● **WHAT TO DO**:
From the line that has "TV cabinet |" down to the final line of the listing below, transcribe every line exactly, and only those.

● **THE DATA**:

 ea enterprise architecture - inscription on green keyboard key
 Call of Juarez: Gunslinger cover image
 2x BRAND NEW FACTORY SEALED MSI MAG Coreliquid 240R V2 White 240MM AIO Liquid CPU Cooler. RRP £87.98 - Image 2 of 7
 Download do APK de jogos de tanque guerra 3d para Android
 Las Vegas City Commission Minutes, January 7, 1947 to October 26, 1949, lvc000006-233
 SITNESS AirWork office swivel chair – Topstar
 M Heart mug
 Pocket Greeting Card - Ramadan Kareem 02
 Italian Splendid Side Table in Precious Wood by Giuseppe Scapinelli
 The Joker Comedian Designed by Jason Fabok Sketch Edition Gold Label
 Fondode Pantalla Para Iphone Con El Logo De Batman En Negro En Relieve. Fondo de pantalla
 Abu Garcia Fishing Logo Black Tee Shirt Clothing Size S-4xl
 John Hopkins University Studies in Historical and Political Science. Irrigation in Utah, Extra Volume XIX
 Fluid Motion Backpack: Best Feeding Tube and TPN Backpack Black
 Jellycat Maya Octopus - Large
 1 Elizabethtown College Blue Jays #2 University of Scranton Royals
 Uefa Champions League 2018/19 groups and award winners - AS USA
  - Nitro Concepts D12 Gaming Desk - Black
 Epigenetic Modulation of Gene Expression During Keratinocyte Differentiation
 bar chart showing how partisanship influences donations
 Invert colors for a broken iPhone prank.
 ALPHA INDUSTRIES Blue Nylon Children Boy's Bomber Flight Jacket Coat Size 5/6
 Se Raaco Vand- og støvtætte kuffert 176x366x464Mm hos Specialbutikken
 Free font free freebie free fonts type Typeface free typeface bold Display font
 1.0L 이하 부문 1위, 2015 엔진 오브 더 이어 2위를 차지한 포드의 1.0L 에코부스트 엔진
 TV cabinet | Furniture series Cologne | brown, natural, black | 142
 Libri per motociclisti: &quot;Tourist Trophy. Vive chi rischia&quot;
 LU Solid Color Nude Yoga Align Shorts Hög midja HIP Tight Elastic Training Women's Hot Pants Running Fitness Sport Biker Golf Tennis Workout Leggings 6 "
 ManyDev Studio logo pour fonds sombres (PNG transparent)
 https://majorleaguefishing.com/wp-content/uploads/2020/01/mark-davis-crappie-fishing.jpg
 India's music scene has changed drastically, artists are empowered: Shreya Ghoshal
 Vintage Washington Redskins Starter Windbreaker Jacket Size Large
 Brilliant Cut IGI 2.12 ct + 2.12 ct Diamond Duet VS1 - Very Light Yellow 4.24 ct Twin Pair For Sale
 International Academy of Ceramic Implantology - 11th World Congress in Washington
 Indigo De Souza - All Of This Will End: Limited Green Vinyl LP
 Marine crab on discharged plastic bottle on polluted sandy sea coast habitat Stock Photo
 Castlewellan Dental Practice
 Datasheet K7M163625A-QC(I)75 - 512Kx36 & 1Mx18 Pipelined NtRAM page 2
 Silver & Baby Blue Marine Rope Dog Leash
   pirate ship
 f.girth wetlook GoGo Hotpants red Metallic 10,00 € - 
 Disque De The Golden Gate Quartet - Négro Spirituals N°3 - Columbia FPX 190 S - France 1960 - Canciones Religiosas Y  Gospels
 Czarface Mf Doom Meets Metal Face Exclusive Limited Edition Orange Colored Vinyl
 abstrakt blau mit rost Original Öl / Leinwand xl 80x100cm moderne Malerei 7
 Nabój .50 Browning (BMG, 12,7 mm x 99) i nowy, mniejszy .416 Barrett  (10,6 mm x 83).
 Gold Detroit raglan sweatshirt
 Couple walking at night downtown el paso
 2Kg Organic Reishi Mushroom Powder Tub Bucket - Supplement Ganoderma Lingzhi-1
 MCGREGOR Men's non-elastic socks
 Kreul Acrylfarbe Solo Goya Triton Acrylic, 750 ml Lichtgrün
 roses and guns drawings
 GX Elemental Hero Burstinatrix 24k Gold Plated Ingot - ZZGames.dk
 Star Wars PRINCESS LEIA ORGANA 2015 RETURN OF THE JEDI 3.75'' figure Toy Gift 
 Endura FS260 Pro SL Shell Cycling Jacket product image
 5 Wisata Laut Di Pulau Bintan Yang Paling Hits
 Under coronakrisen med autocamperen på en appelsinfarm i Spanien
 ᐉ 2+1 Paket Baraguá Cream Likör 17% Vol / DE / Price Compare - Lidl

● **WRITTEN RESPONSE**:
 TV cabinet | Furniture series Cologne | brown, natural, black | 142
 Libri per motociclisti: &quot;Tourist Trophy. Vive chi rischia&quot;
 LU Solid Color Nude Yoga Align Shorts Hög midja HIP Tight Elastic Training Women's Hot Pants Running Fitness Sport Biker Golf Tennis Workout Leggings 6 "
 ManyDev Studio logo pour fonds sombres (PNG transparent)
 https://majorleaguefishing.com/wp-content/uploads/2020/01/mark-davis-crappie-fishing.jpg
 India's music scene has changed drastically, artists are empowered: Shreya Ghoshal
 Vintage Washington Redskins Starter Windbreaker Jacket Size Large
 Brilliant Cut IGI 2.12 ct + 2.12 ct Diamond Duet VS1 - Very Light Yellow 4.24 ct Twin Pair For Sale
 International Academy of Ceramic Implantology - 11th World Congress in Washington
 Indigo De Souza - All Of This Will End: Limited Green Vinyl LP
 Marine crab on discharged plastic bottle on polluted sandy sea coast habitat Stock Photo
 Castlewellan Dental Practice
 Datasheet K7M163625A-QC(I)75 - 512Kx36 & 1Mx18 Pipelined NtRAM page 2
 Silver & Baby Blue Marine Rope Dog Leash
   pirate ship
 f.girth wetlook GoGo Hotpants red Metallic 10,00 € - 
 Disque De The Golden Gate Quartet - Négro Spirituals N°3 - Columbia FPX 190 S - France 1960 - Canciones Religiosas Y  Gospels
 Czarface Mf Doom Meets Metal Face Exclusive Limited Edition Orange Colored Vinyl
 abstrakt blau mit rost Original Öl / Leinwand xl 80x100cm moderne Malerei 7
 Nabój .50 Browning (BMG, 12,7 mm x 99) i nowy, mniejszy .416 Barrett  (10,6 mm x 83).
 Gold Detroit raglan sweatshirt
 Couple walking at night downtown el paso
 2Kg Organic Reishi Mushroom Powder Tub Bucket - Supplement Ganoderma Lingzhi-1
 MCGREGOR Men's non-elastic socks
 Kreul Acrylfarbe Solo Goya Triton Acrylic, 750 ml Lichtgrün
 roses and guns drawings
 GX Elemental Hero Burstinatrix 24k Gold Plated Ingot - ZZGames.dk
 Star Wars PRINCESS LEIA ORGANA 2015 RETURN OF THE JEDI 3.75'' figure Toy Gift 
 Endura FS260 Pro SL Shell Cycling Jacket product image
 5 Wisata Laut Di Pulau Bintan Yang Paling Hits
 Under coronakrisen med autocamperen på en appelsinfarm i Spanien
 ᐉ 2+1 Paket Baraguá Cream Likör 17% Vol / DE / Price Compare - Lidl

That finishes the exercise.